Tuesday, June 8, 2021

Meditations #6

 An empty pageant; a stage play; flocks of sheep, herds of cattle; a tussle of spearmen; a bone flung among a pack of curs; a crumb tossed into a pond of fish; ants, loaded and labouring; mice, scared and scampering; puppets, jerking on their strings - that is life. In the midst of it all you must take your stand, good-temperedly and without disdain, yet always aware that a man's worth is no greater than the worth of his ambitions.
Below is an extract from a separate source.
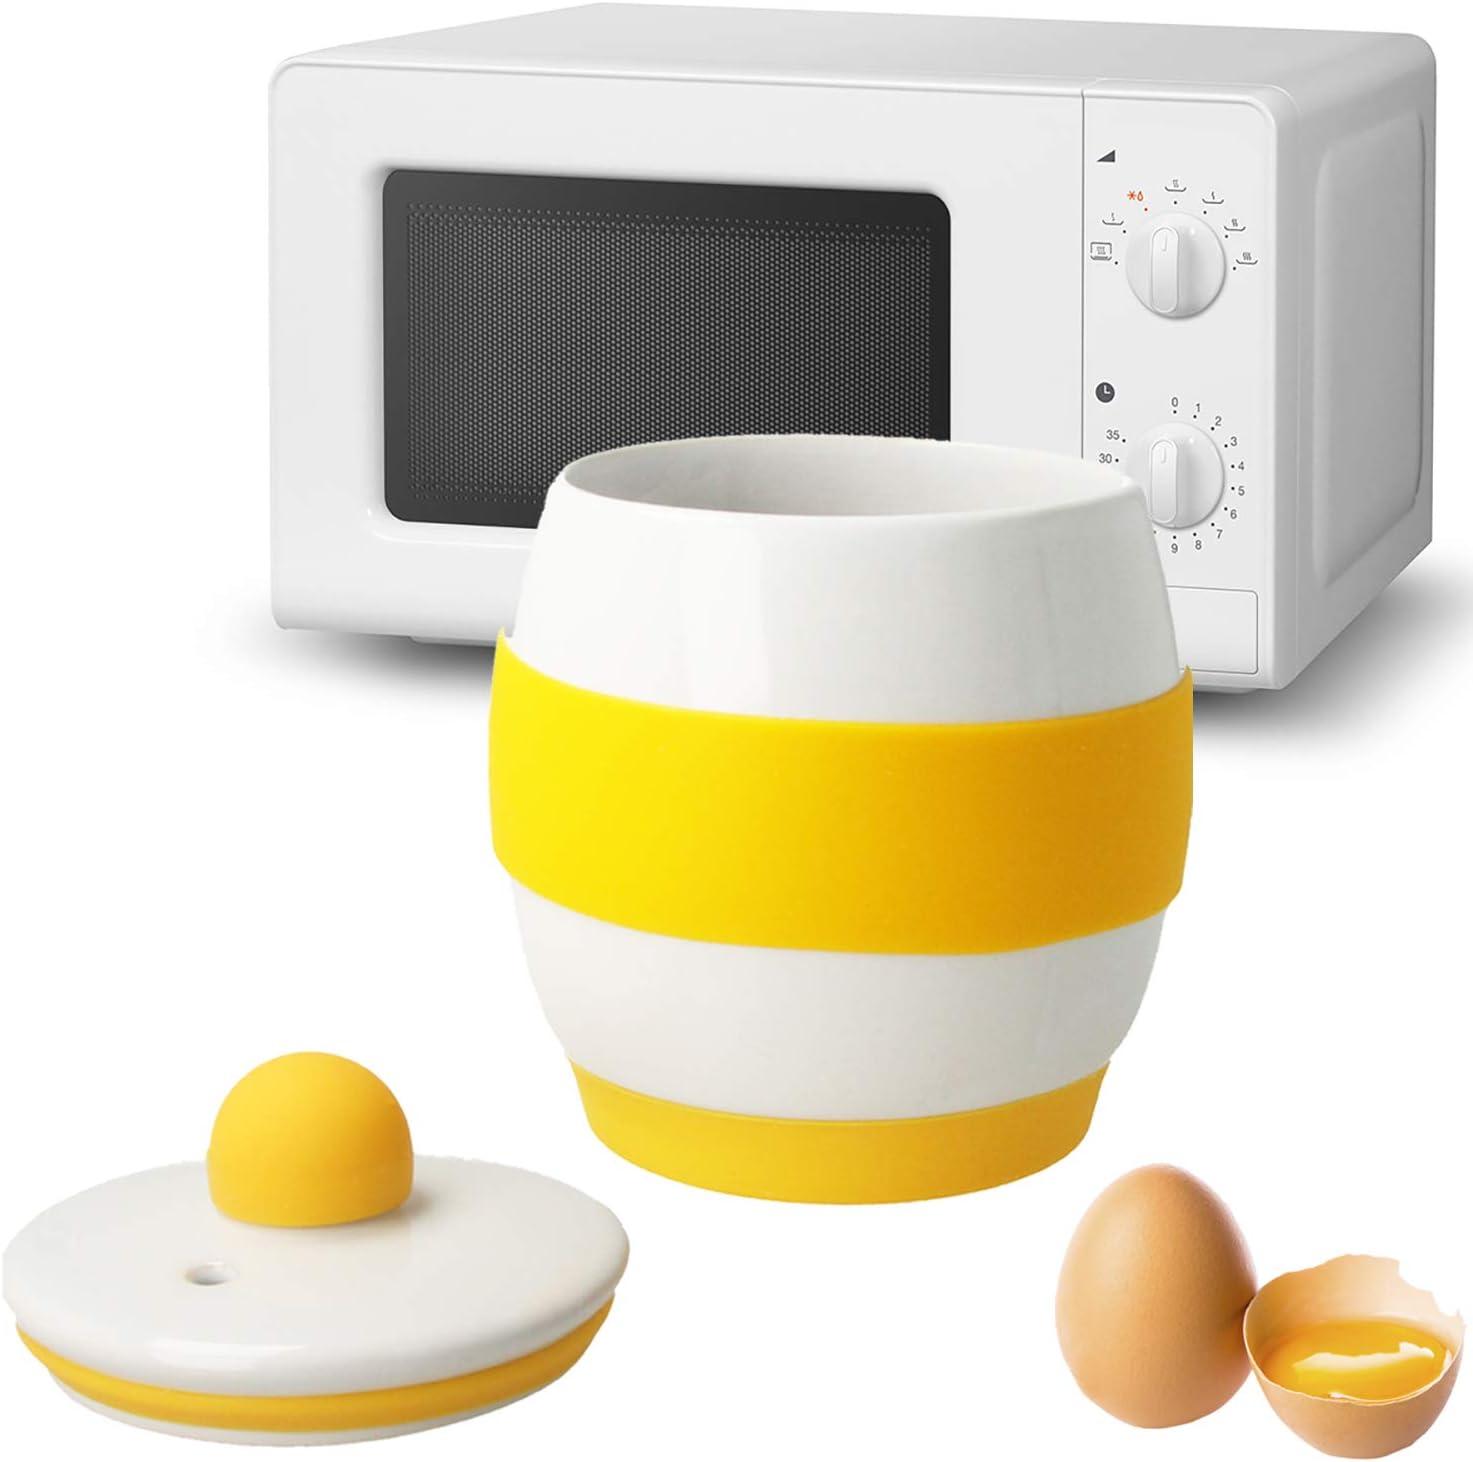 Wei/ß MovilCom/® Mikrowellen-Ei Egg Poacher Mikrowellen-Eier aus Keramik

Marcus Aurelius, Meditations, Book Seven


This passage has really stuck with me lately, as I've been struggling mightily on multiple levels. On the one hand it's another one of those great MA descriptions of the general chaos and folly and pointlessness of life (at least an unexamined life), but, typically, it digs deeper. I was talking to a friend recently and I admitted to her that for the first time in my life I was scared, not worried or fretful or stressed, but actually scared. On so many levels my life is crumbling around me: physically (constant pain) and professionally (increasingly my students don't like me and my colleagues are dismissive of me) and emotionally (I'm alone, and I've given up on that front; enough pain is too much pain) and intellectually (the medicine I'm on for my polyneuropathy has left me tired, sluggish, and muddle-headed; I was getting so much writing done before I started it and now that's a distant memory - sure, I can walk better, but I can't seem to put two sentences together). So, what can one do? As MA reminds us, the power of release from life is always in our hands, but we discussed that in another Meditations post. Well, as MA tells us above, you take your stand. Now, if a "man's worth is no greater than the worth of his ambitions," what are my ambitions now? Truthfully, I don't know. My professional ambitions, either through writing or taking students overseas (or even teaching classes that I like), seem to be fading away. This may sound cheesy, but I would like to be with someone, but I can't even begin to imagine that possibility anymore. Maybe one just tries to be of service. Last week I found myself volunteering on three different fronts: the Food Shelf and Techdren and the Islamic Society of Vermont (we'll be opening a free clinic at the ISVT and I'm definitely interested in volunteering there as well). Service to the greater good would be an answer that both MA and Islam would approve. Let's just start there.